The data also includes records belonging to victims of auto-related accidents.
2.5 million medical records containing sensitive and confidential data have been exposed by a New York-based artificial intelligence company called Cense. Jeremiah Fowler a researcher and co-founder of Security Discovery on 7th July discovered the exposed data potentially risking millions of lives and identities openly.
It is worth noting that the details of the beach were only shared recently on 17th August. The company in question called Cense.ai provides an artificial intelligence bot that helps automate processes and assist employees and customers with quick information.
Further investigation by Fowler brought light to what caused the misconfiguration and data vulnerability. Basically, the records were termed as ‘staging data’ that functioned as a storage repository intended to hold the data temporarily before it was loaded on Cense Bot or Cense’s management system.
Although, Fowler was unable to validate whether this was just one client or several clients’ exposed data. He did, however, stumble upon two folders, one contained 1.58 million records and the latter ensued 830,000 entries.
However, the blip on the radar is that anyone with a conceptual grasp could have easily edited, delete, or even download the files without any administrative credentials in pursuit.
Moreover, a whopping 2,594,261 medical records were exposed which included Personally identifiable information (PII) and other sensitive information such as patient names, insurance records, medical diagnosis, and payment information. Also, such callousness could have opened doors for ransomware.
What is rather unnerving is the fact that once the medical records were accessible, a further probe led Fowler to patients who were in car accidents. Even their referrals to chiropractors for neuromuscular disorders such as spinal or neck injuries were readily exposed and available.
The security researcher also conducted a validation process that led him to believe that the data in the wrong hands could have easily identified the customers.
I simply searched several very obscure or unique names using Google and ironically there would be only 1 or 2 people in the entire United States with that name, geolocation, and matching age range. This is what led me to assume this is real data and these are real individuals, wrote Fowler in a blog post.
However, Fowler informed Cense about the exposed data shorty after which the access to the database was restricted. Nevertheless, if the notification wasn’t sent the sensitive information could have been subject to further hacking and fraudulent activities.
It is still unclear whether Cense has reported the data exposure to the individuals at risk.
On July 8th I sent a second message confirming that public access had been restricted and the data was no longer exposed. Unfortunately, no one replied to my initial notification or follow up message. No one from Cense has provided a statement or comments regarding the data incident at the time of publication, revealed Fowler.
The incident should not come as a surprise since misconfigured databases have exposed billions of sensitive records in the last couple of years.
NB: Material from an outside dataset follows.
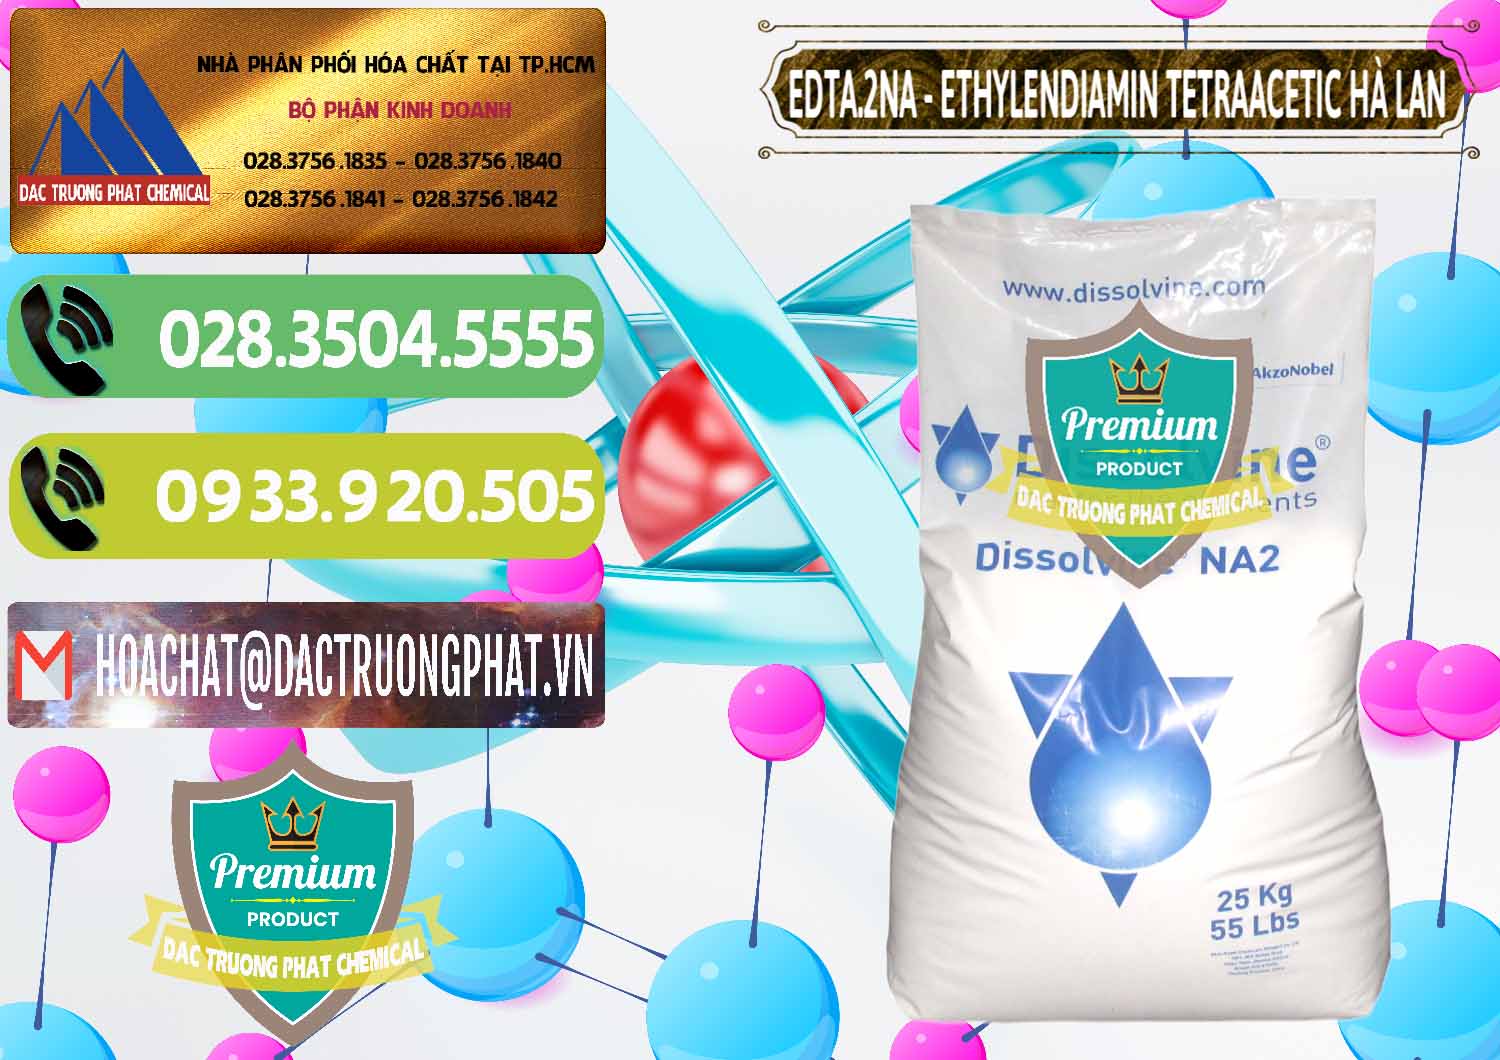 Đơn vị nhập khẩu và bán EDTA.2NA - Ethylendiamin Tetraacetic Dissolvine Hà Lan Netherlands - 0064 - Chuyên phân phối _ cung cấp hóa chất tại TP.HCM - hoachatmientay.vn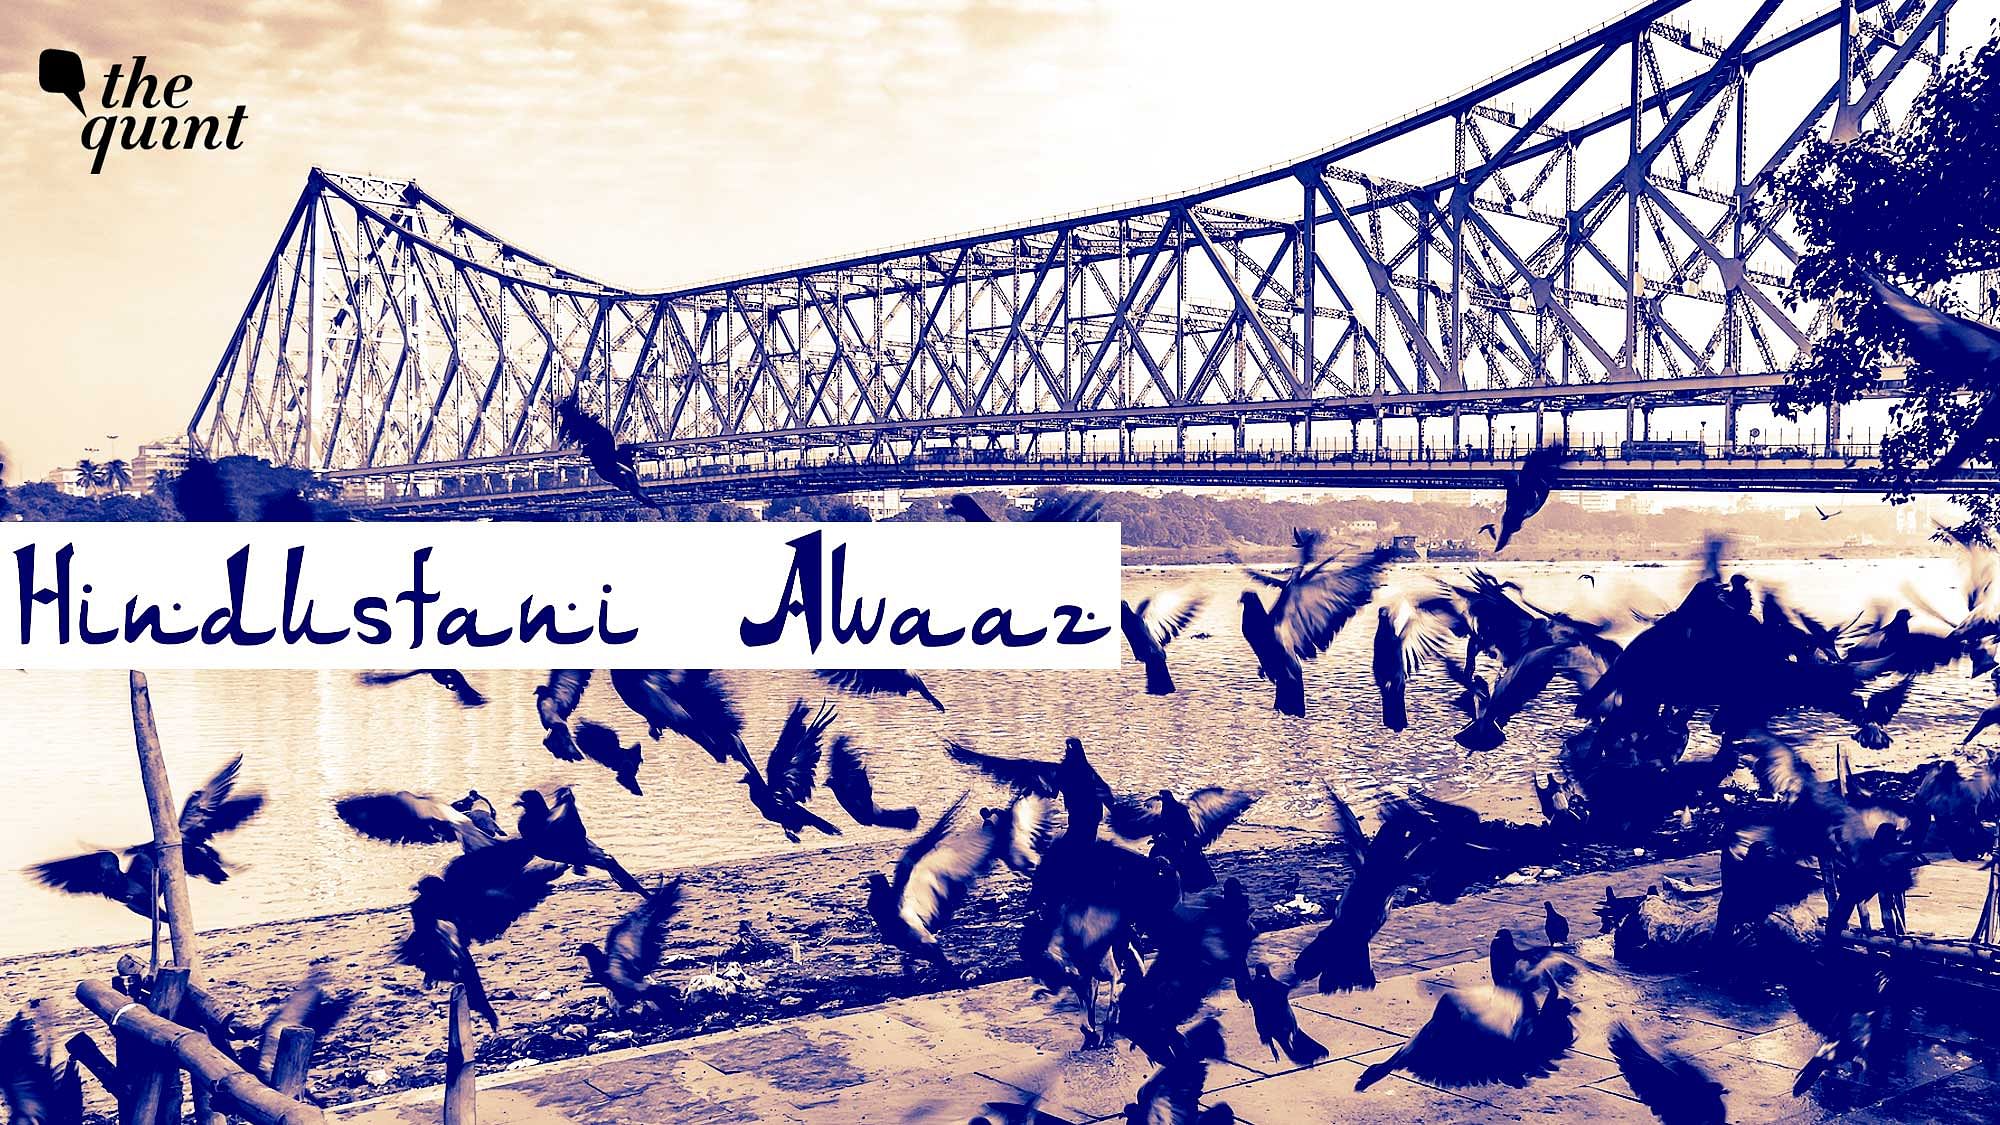 Image of Kolkata’s iconic Howrah Bridge used for representational purposes.

In fact, the situation is so critical that according to a new poll database configuration errors are the number one threat to cloud security.
Only last month, another security researcher and consultant named Volodymyr ‘Bob’ Diachenko discovered 3.1 million patients data exposed by a medical software company called Adit, a Houston, TX-based company. The misconfigured Elasticsearch cluster included confidential information and yet again had no authentication or passwords ensuing exposed permeability.